Recordsize, volblocksize, and actual I/O size
ZFS recordsize (for filesystems) and volblocksize (for zvols) influence how ZFS chunks data. If your DB writes 8K pages into a dataset with a 128K recordsize, ZFS might do more work than necessary, especially under fragmentation. But don’t blindly shrink recordsize everywhere; that can increase metadata overhead and reduce sequential efficiency. You tune it where the workload justifies it.
Interesting facts and historical context (the stuff people forget)
- Fact 1: ZFS came out of Sun Microsystems in the mid-2000s with end-to-end checksumming and CoW as first-class ideas—years before “data integrity” became a default marketing checkbox.
- Fact 2: RAIDZ was designed to avoid the classic RAID-5 “write hole” by integrating parity with the filesystem’s transactional model.
- Fact 3: The “top-level vdev is the performance unit” guideline predates modern NVMe; it originally mattered even more on HDDs where seek latency dominated.
- Fact 4: Early ZFS deployments were often built for streaming workloads (home directories, media, backups). Databases and virtualization later became common, and that’s where parity pain became mainstream.
- Fact 5: The ZIL (ZFS Intent Log) exists even without a dedicated SLOG device. With no SLOG, the ZIL lives on the pool disks, and sync writes compete with everything else.
- Fact 6: Modern OpenZFS has introduced features like special vdevs and persistent L2ARC to target the exact “metadata and small random IO” problem that parity arrays struggle with.

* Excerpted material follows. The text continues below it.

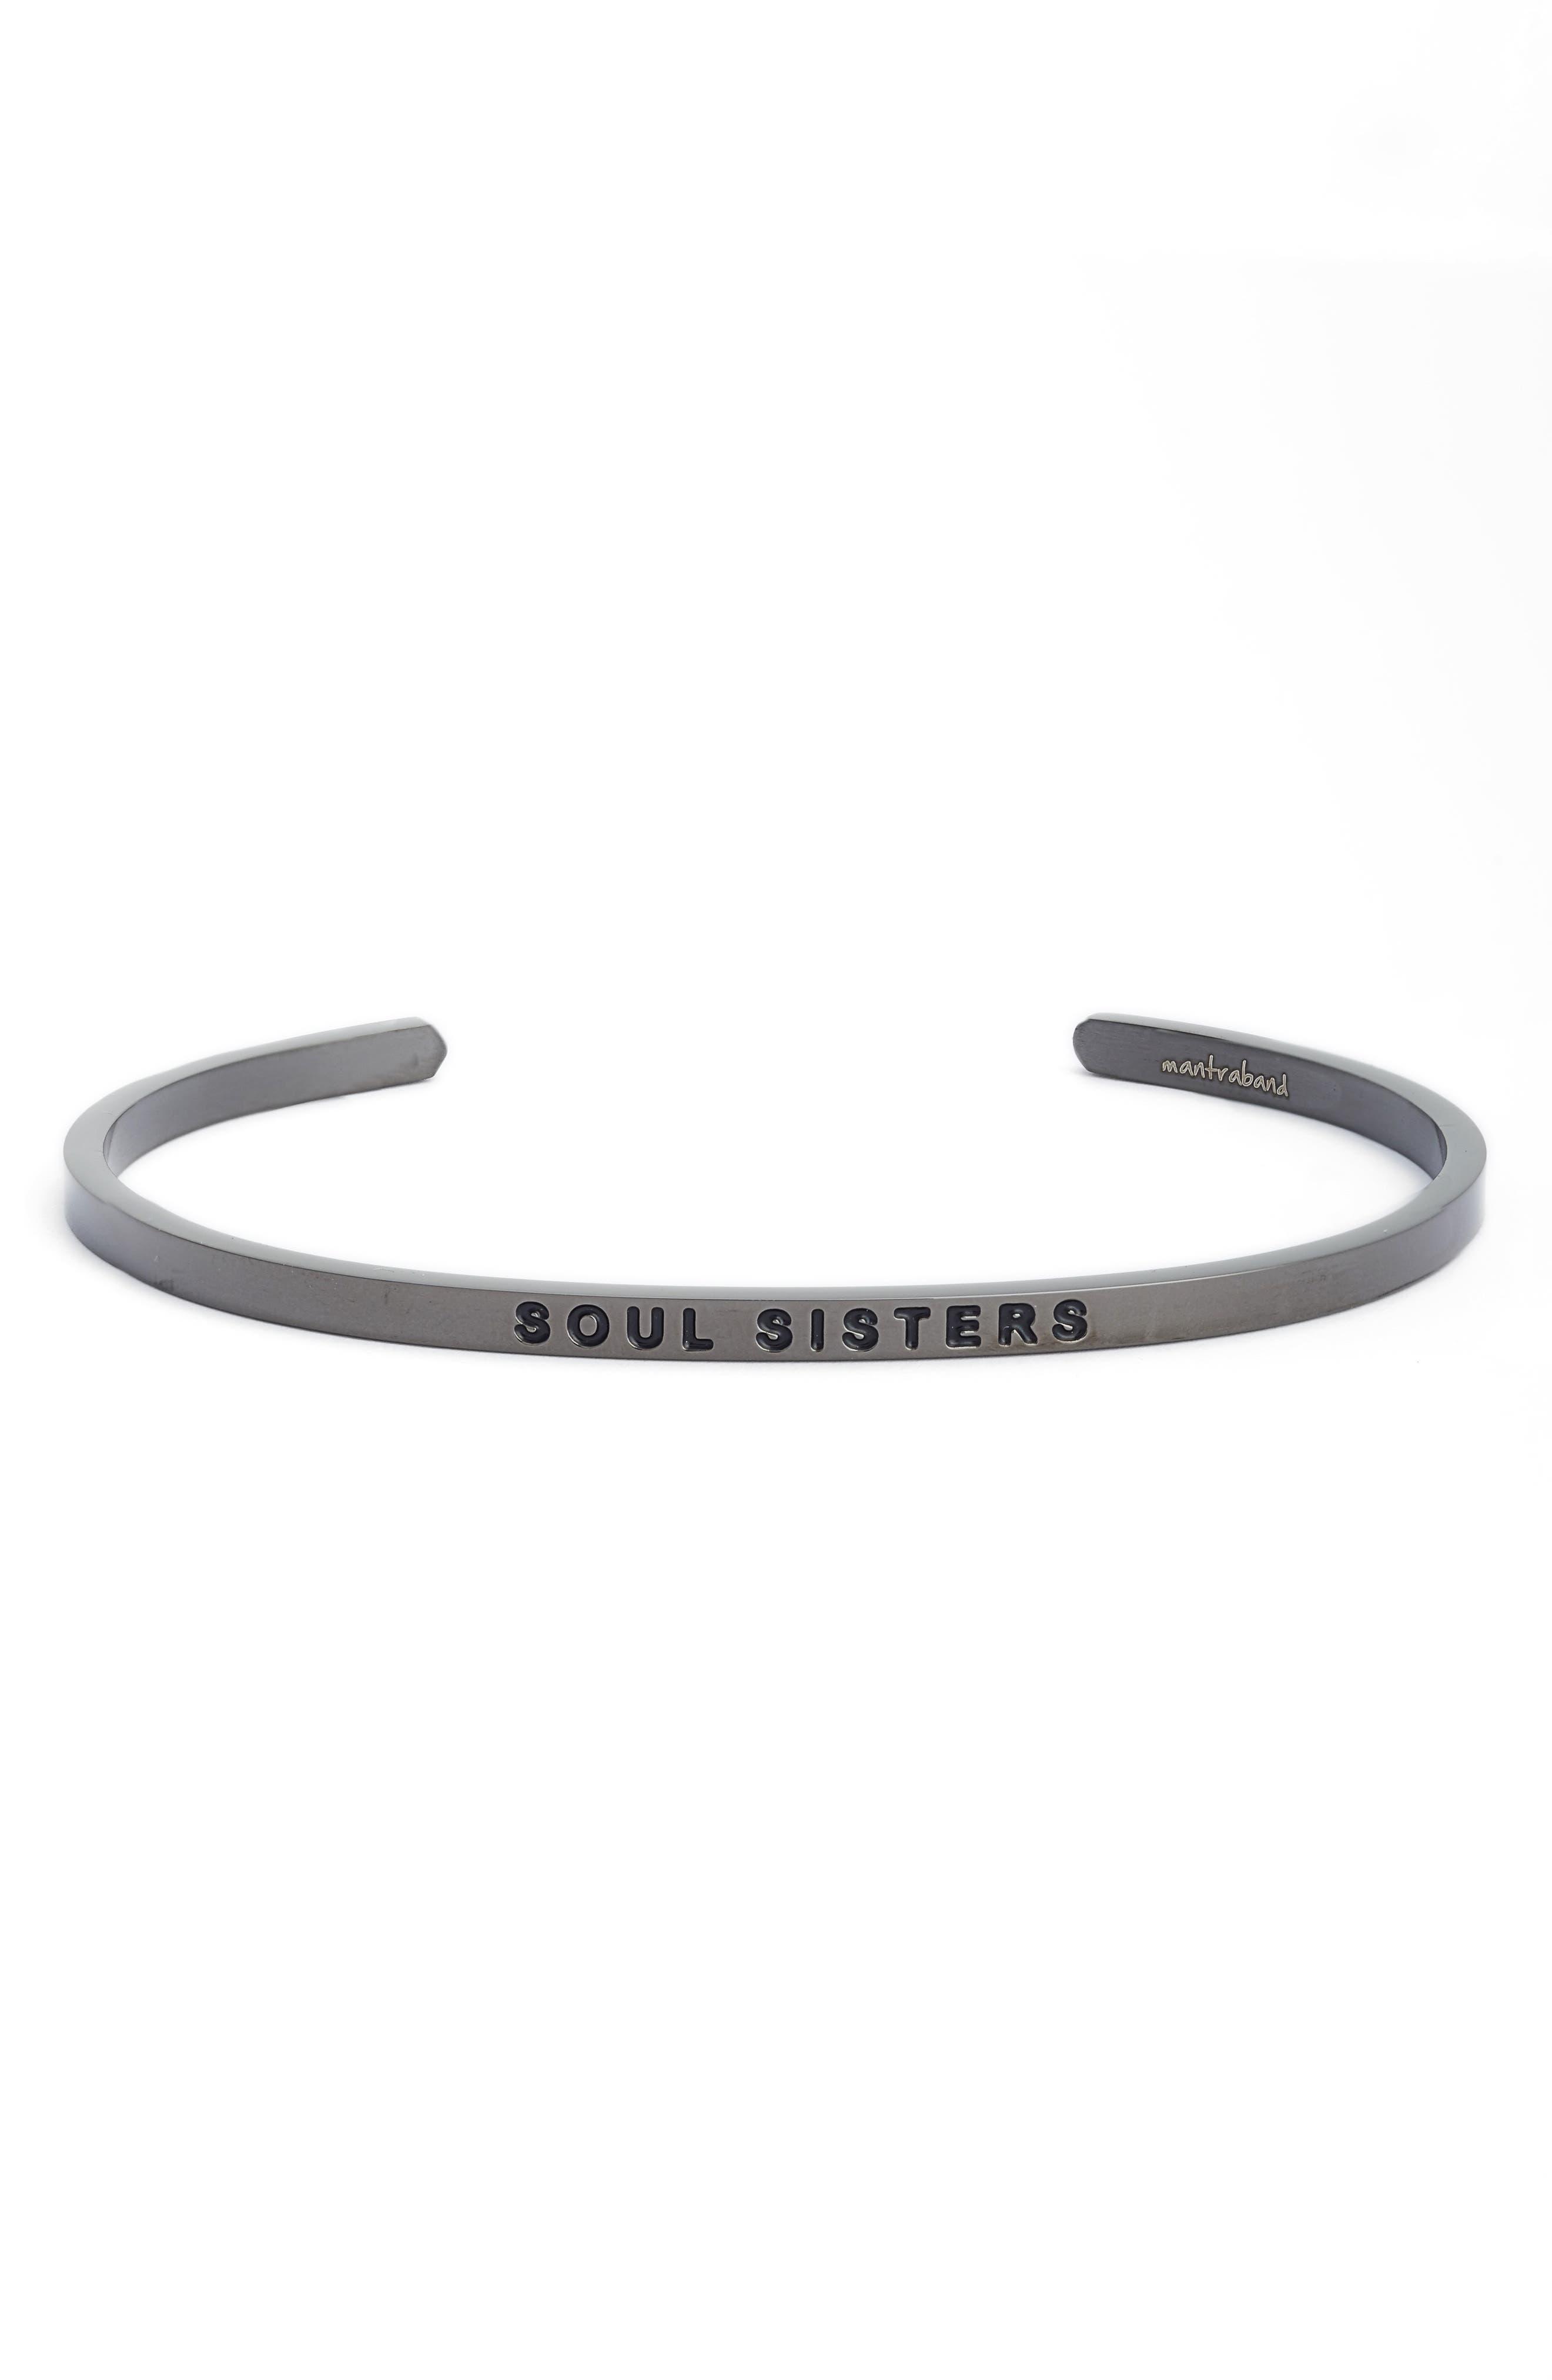 Soul Sisters Cuff Bracelet,                             Main thumbnail 1, color,                             Moon Gray

- Fact 7: 4K-native drives and SSDs made
ashiftselection a permanent footgun; a wrong ashift can silently kneecap small I/O performance for the life of the vdev. - Fact 8: RAIDZ expansion (adding a disk to an existing RAIDZ vdev) has historically been hard; operationally, mirrors were often favored simply because they were easier to grow without migration.
- Fact 9: “Parity is slower” is not a law. For large sequential writes, RAIDZ can be very competitive—sometimes faster than mirrors due to better usable bandwidth per disk.
Fast diagnosis playbook
This is the order I check things when someone says “ZFS small writes are slow.” The goal is to find the bottleneck in minutes, not to win a theoretical argument.

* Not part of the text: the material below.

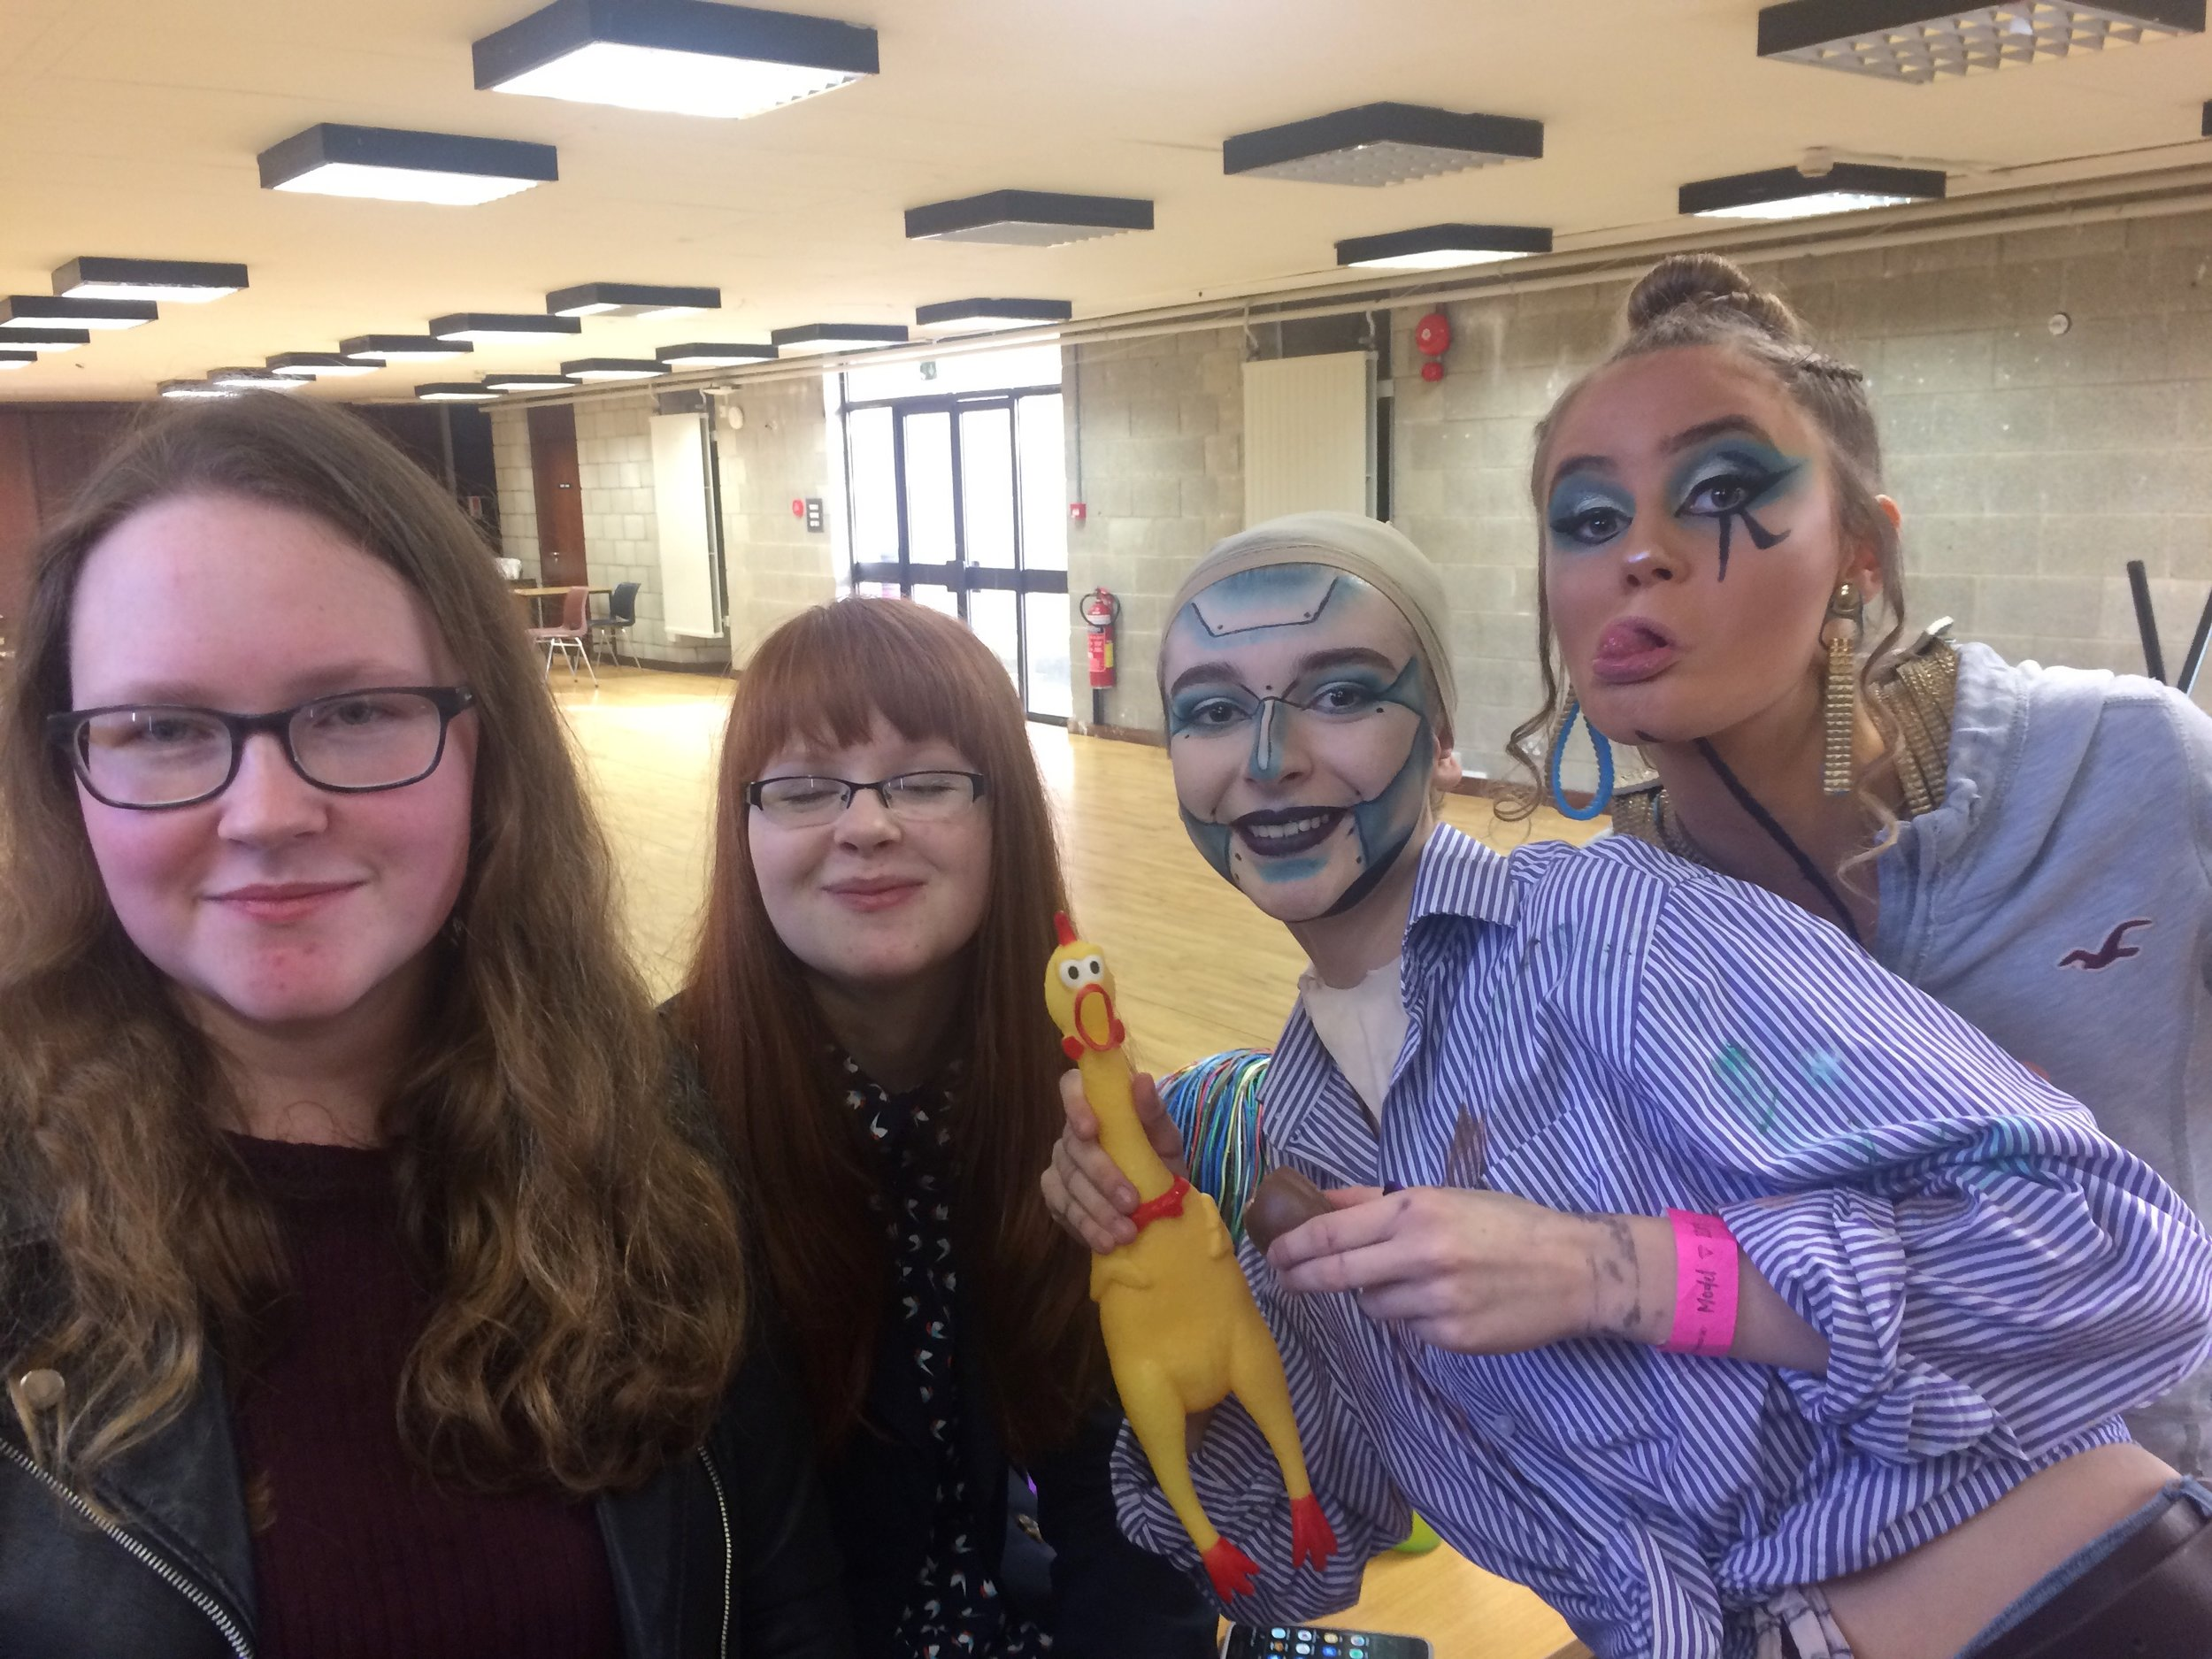 Caoimhe Diffley, Lavena Edelmann Harrington (and Caoimhe Collins)  - I AM ALIVE

First: confirm the workload is actually small random writes
- Are we talking about a DB WAL + data pages? VM random writes? Metadata storm?
- Is latency the complaint (p95/p99), or throughput, or both?

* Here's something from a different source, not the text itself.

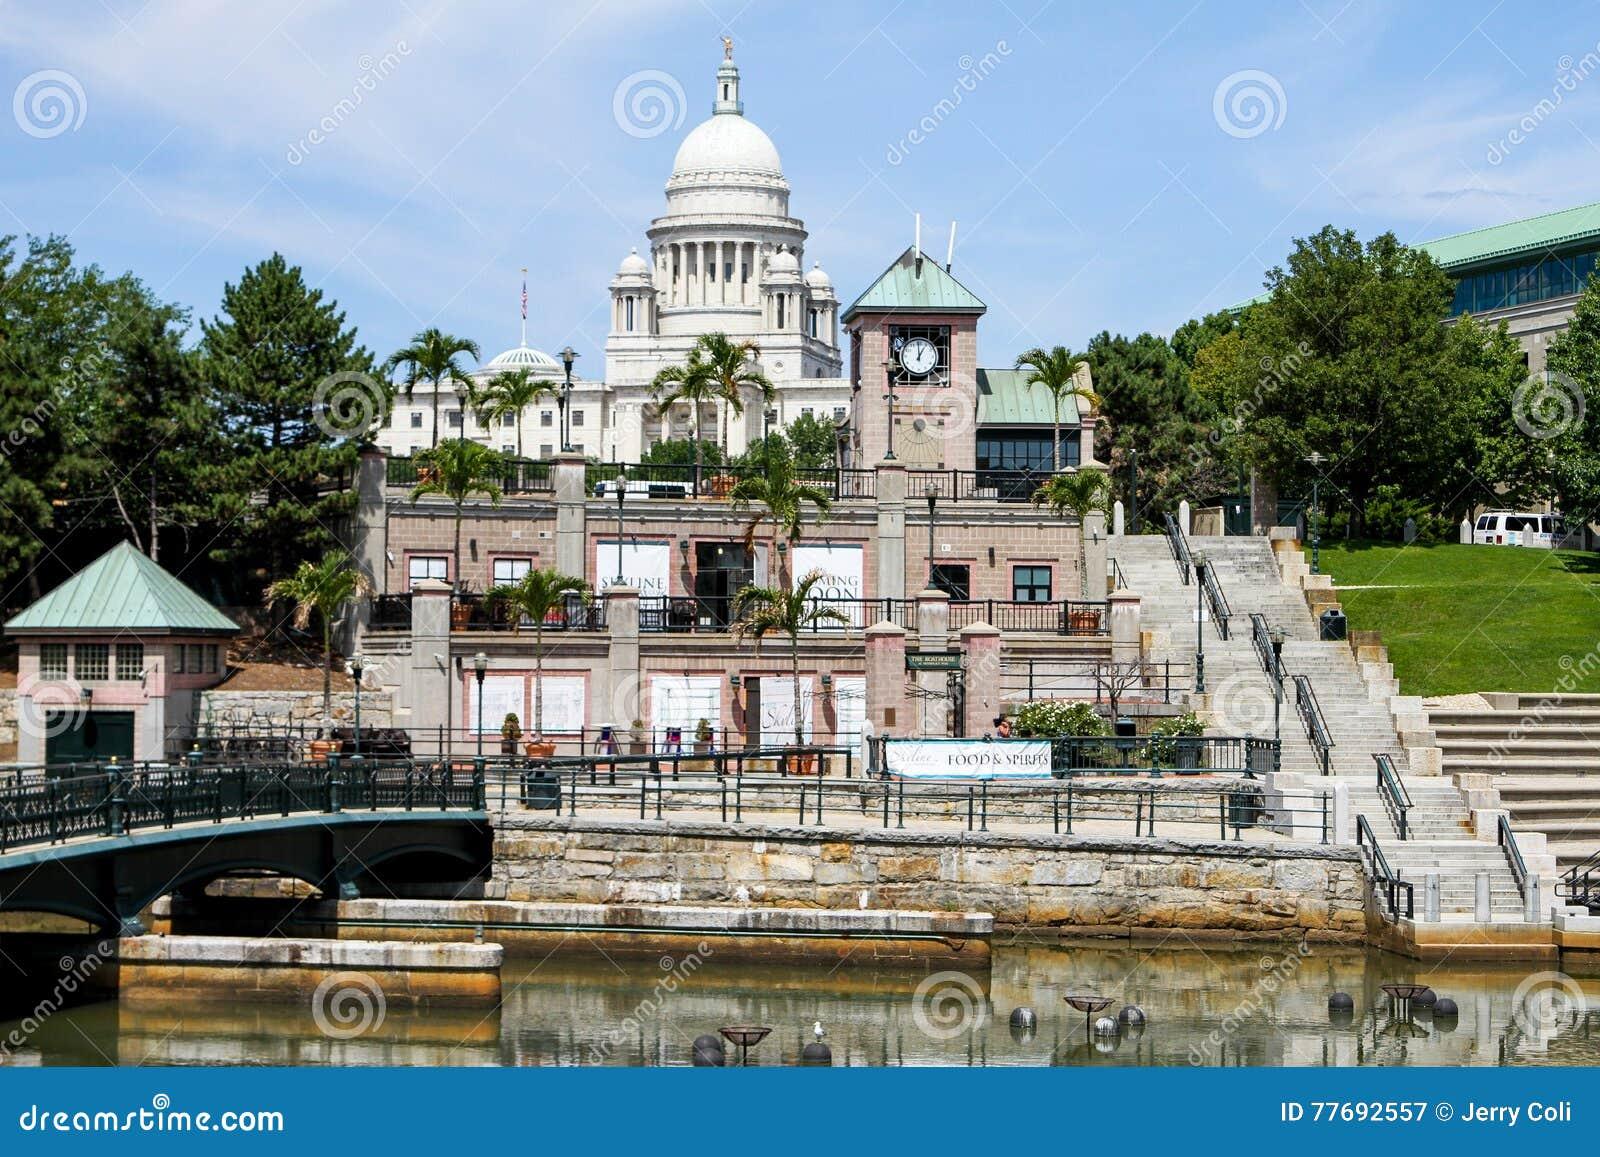 Waterplace Park, Providence, RI

Second: identify the vdev type and how many top-level vdevs you have
- One big RAIDZ vdev is a very different animal than eight mirrors.
- For random I/O, “more vdevs” usually beats “wider vdevs.”
Third: check sync behavior and SLOG health
- If sync writes are on and there is no fast SLOG (or it’s misconfigured), you’re latency-bound by stable storage commits.
- If the SLOG exists but is saturated, it becomes your choke point.
Fourth: check pool fullness and fragmentation
- Pools above ~80% full and heavily fragmented can turn small writes into allocator misery.
- Parity pools suffer more because they need better alignment to stay efficient.
Fifth: check ashift, recordsize/volblocksize, and special vdevs
- Wrong ashift: permanent tax.
- Mismatched block sizing: avoidable tax.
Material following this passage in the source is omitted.